**What you should do:**
Word for word, reproduce the listing that follows, excluding any pictures it contains.

**Supplied material:**
▼

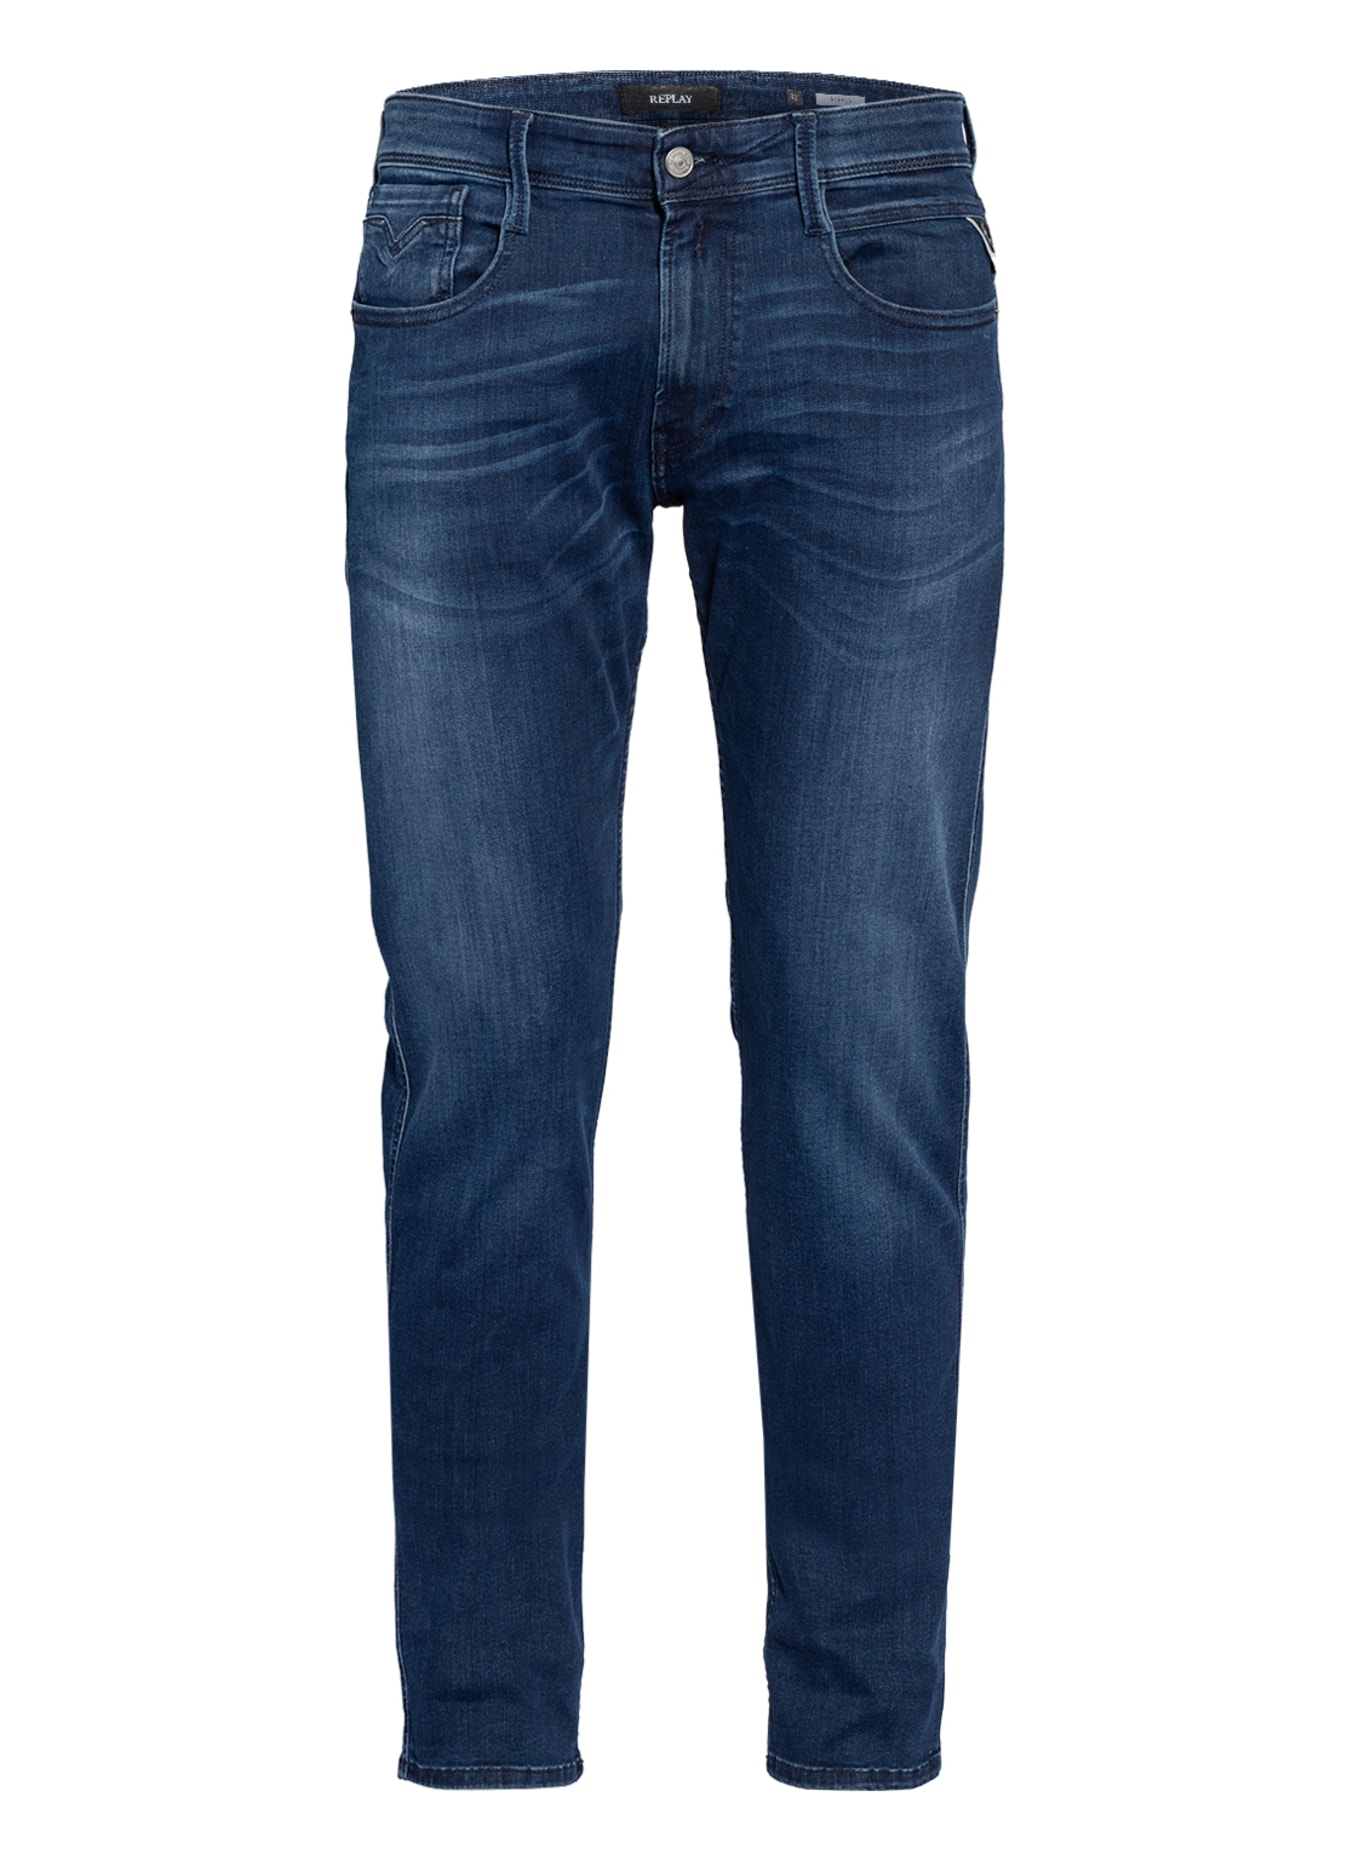 REPLAY Jeans Slim Fit, Farbe: 009 MEDIUM BLUE (Bild 1)
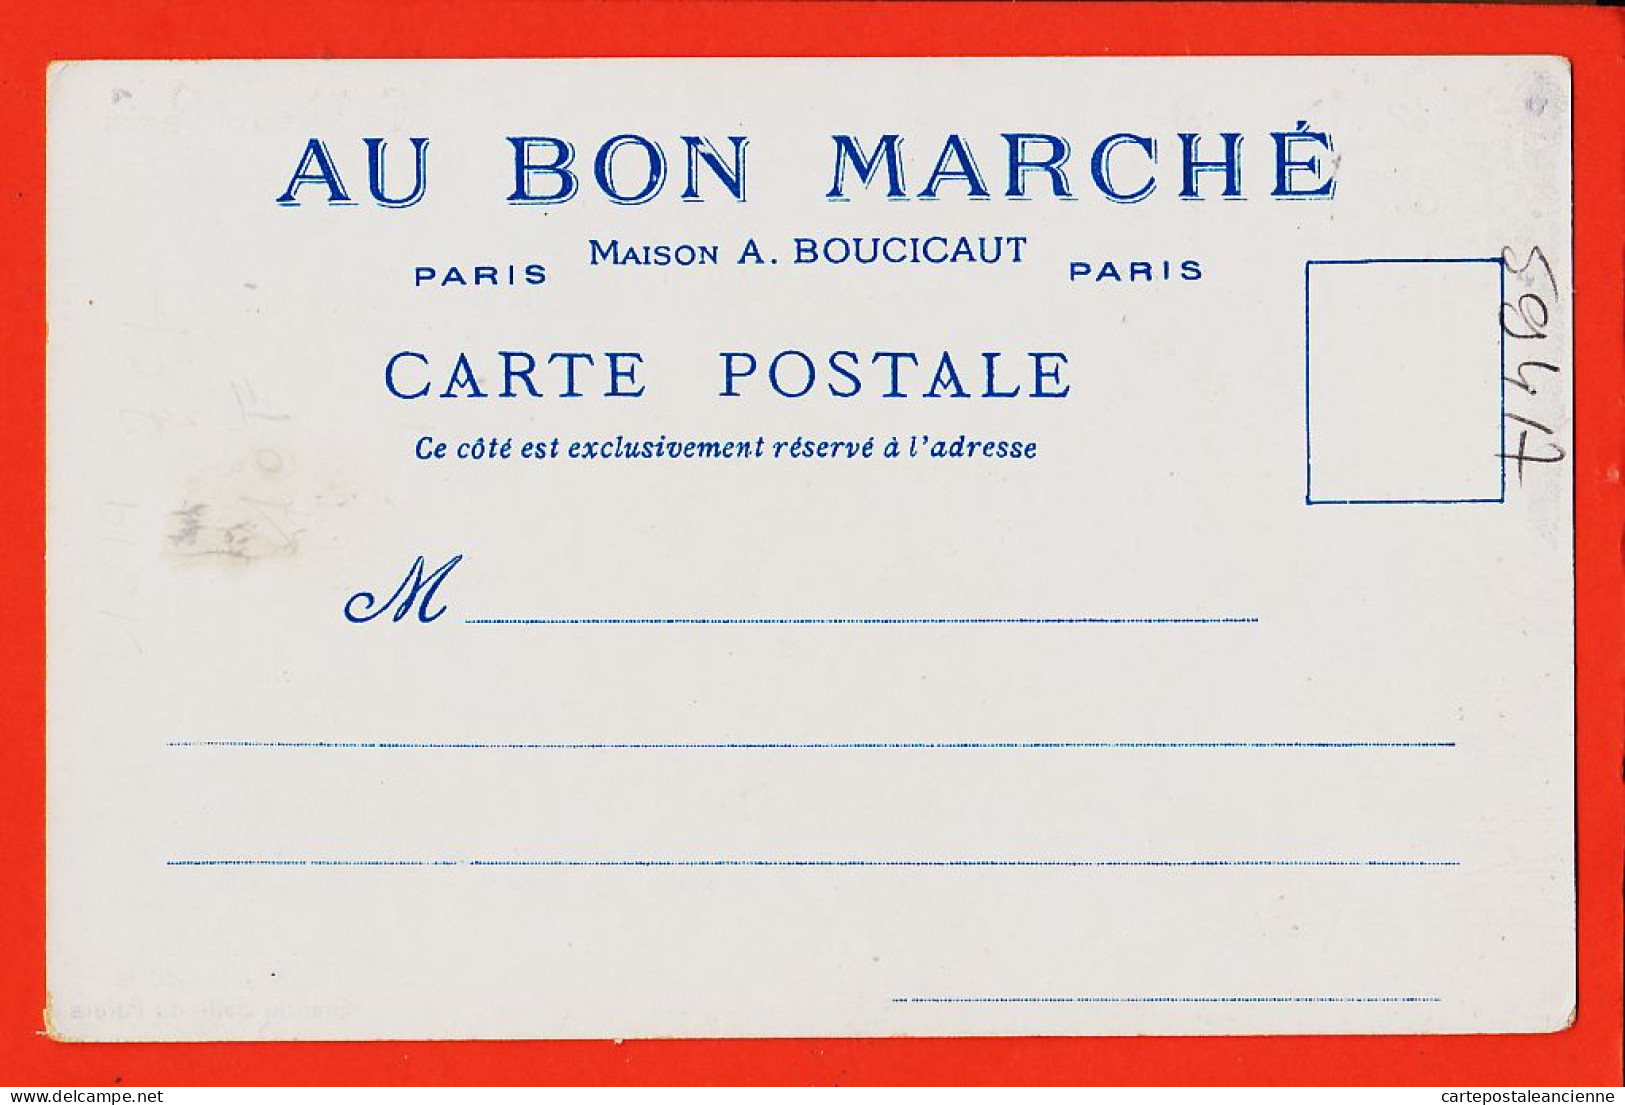 30791 / Le VIEUX PARIS Pignon Grande Salle PALAIS Offert Magasins BON MARCHE Maison BOUCICAUT Illustration ROBIDA 1900s - Robida
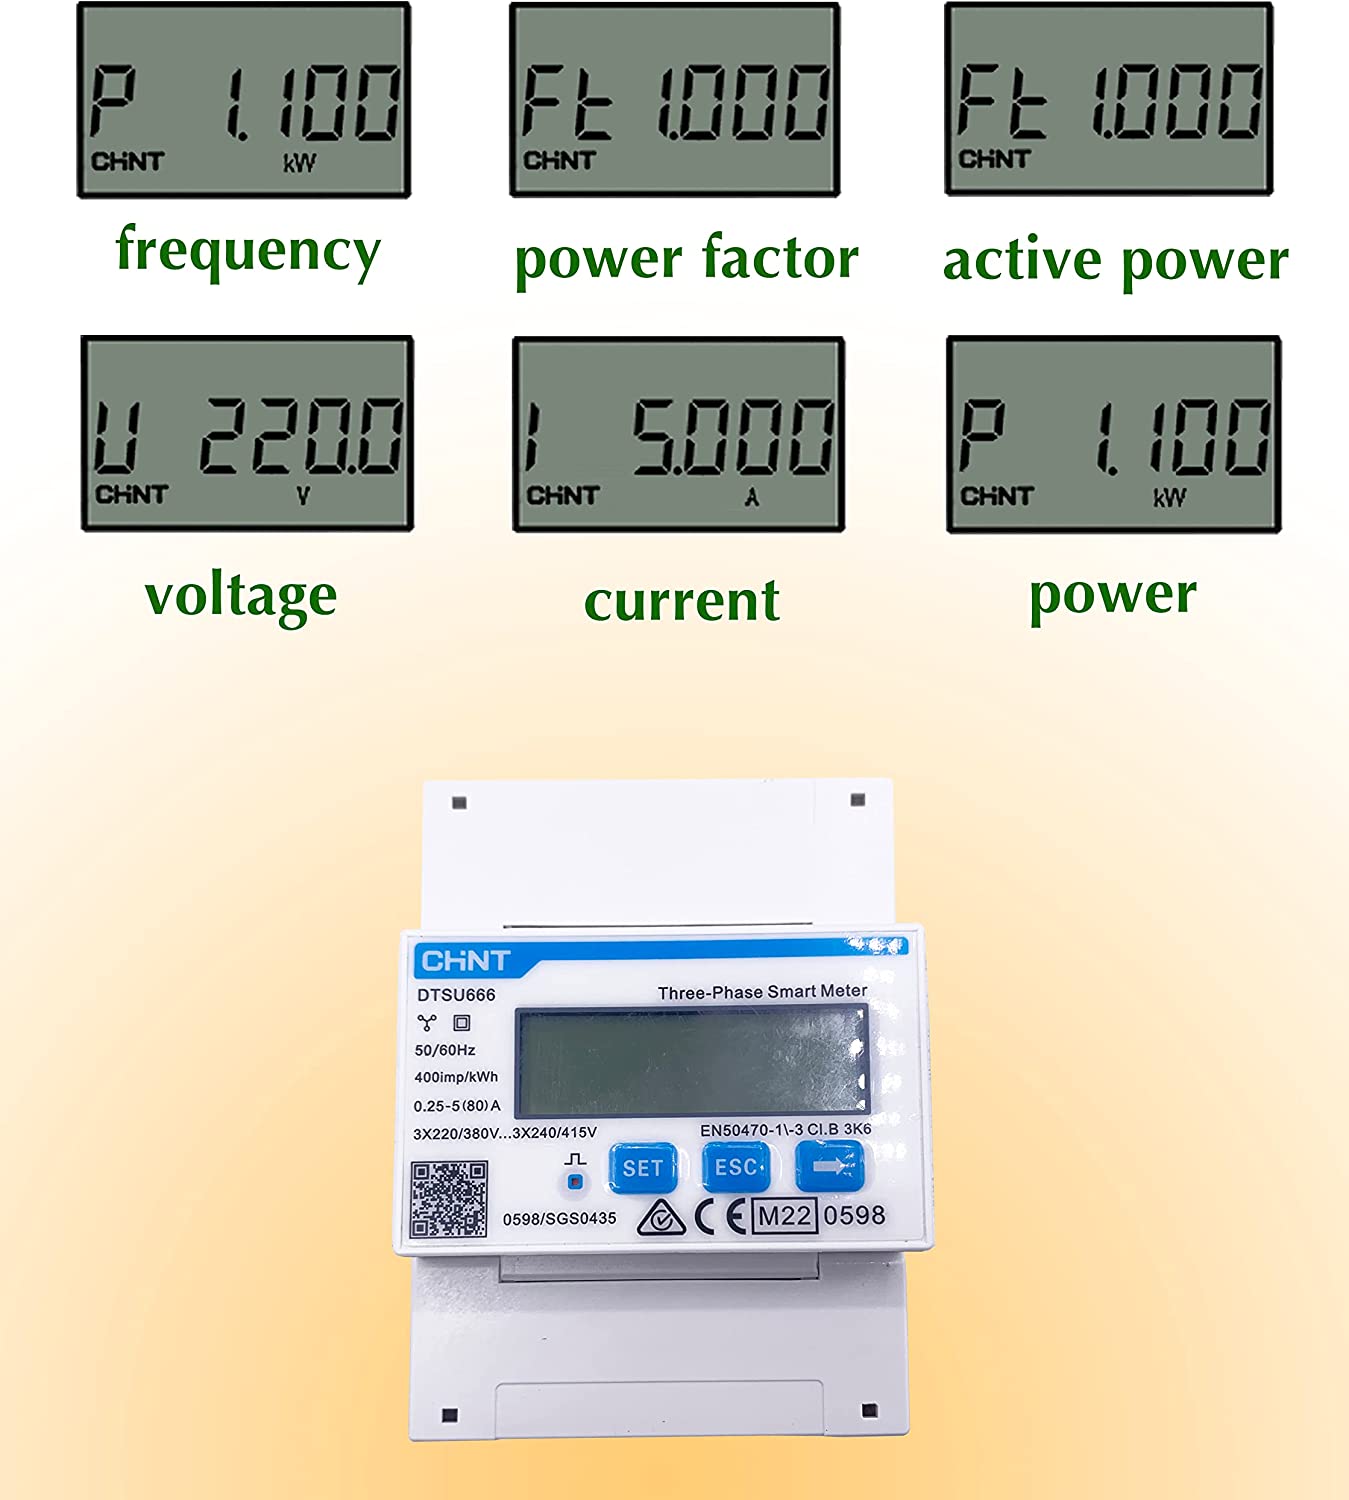 DTSU666 Trifase Contatore Energia Elettrica per Sistemi Solari PV, 3x220-380V 3x240-415V 0.25-5(80) A 50/60hz
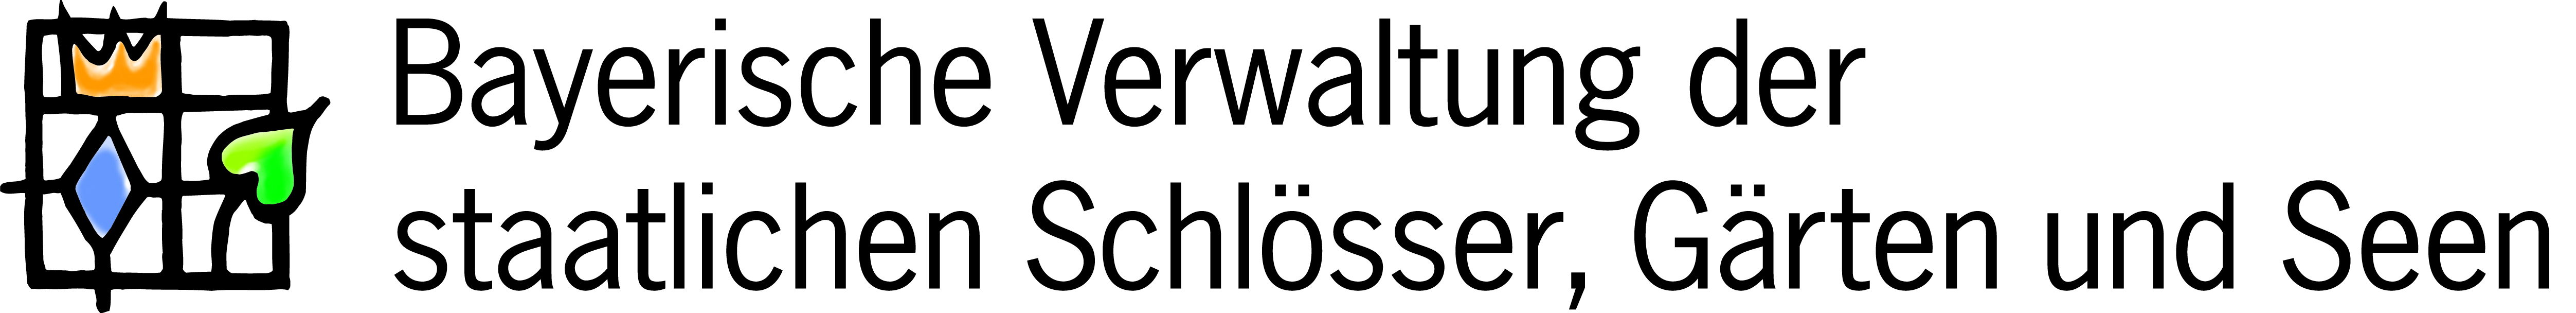 Logo:Bayerische Veraltung der Staatlichen Schlösser, Gärten und Seen

▲

**Reply:**
 REPLAY Jeans Slim Fit, Farbe: 009 MEDIUM BLUE (Bild 1)
 30791 / Le VIEUX PARIS Pignon Grande Salle PALAIS Offert Magasins BON MARCHE Maison BOUCICAUT Illustration ROBIDA 1900s - Robida
 DTSU666 Trifase Contatore Energia Elettrica per Sistemi Solari PV, 3x220-380V 3x240-415V 0.25-5(80) A 50/60hz
 Logo:Bayerische Veraltung der Staatlichen Schlösser, Gärten und Seen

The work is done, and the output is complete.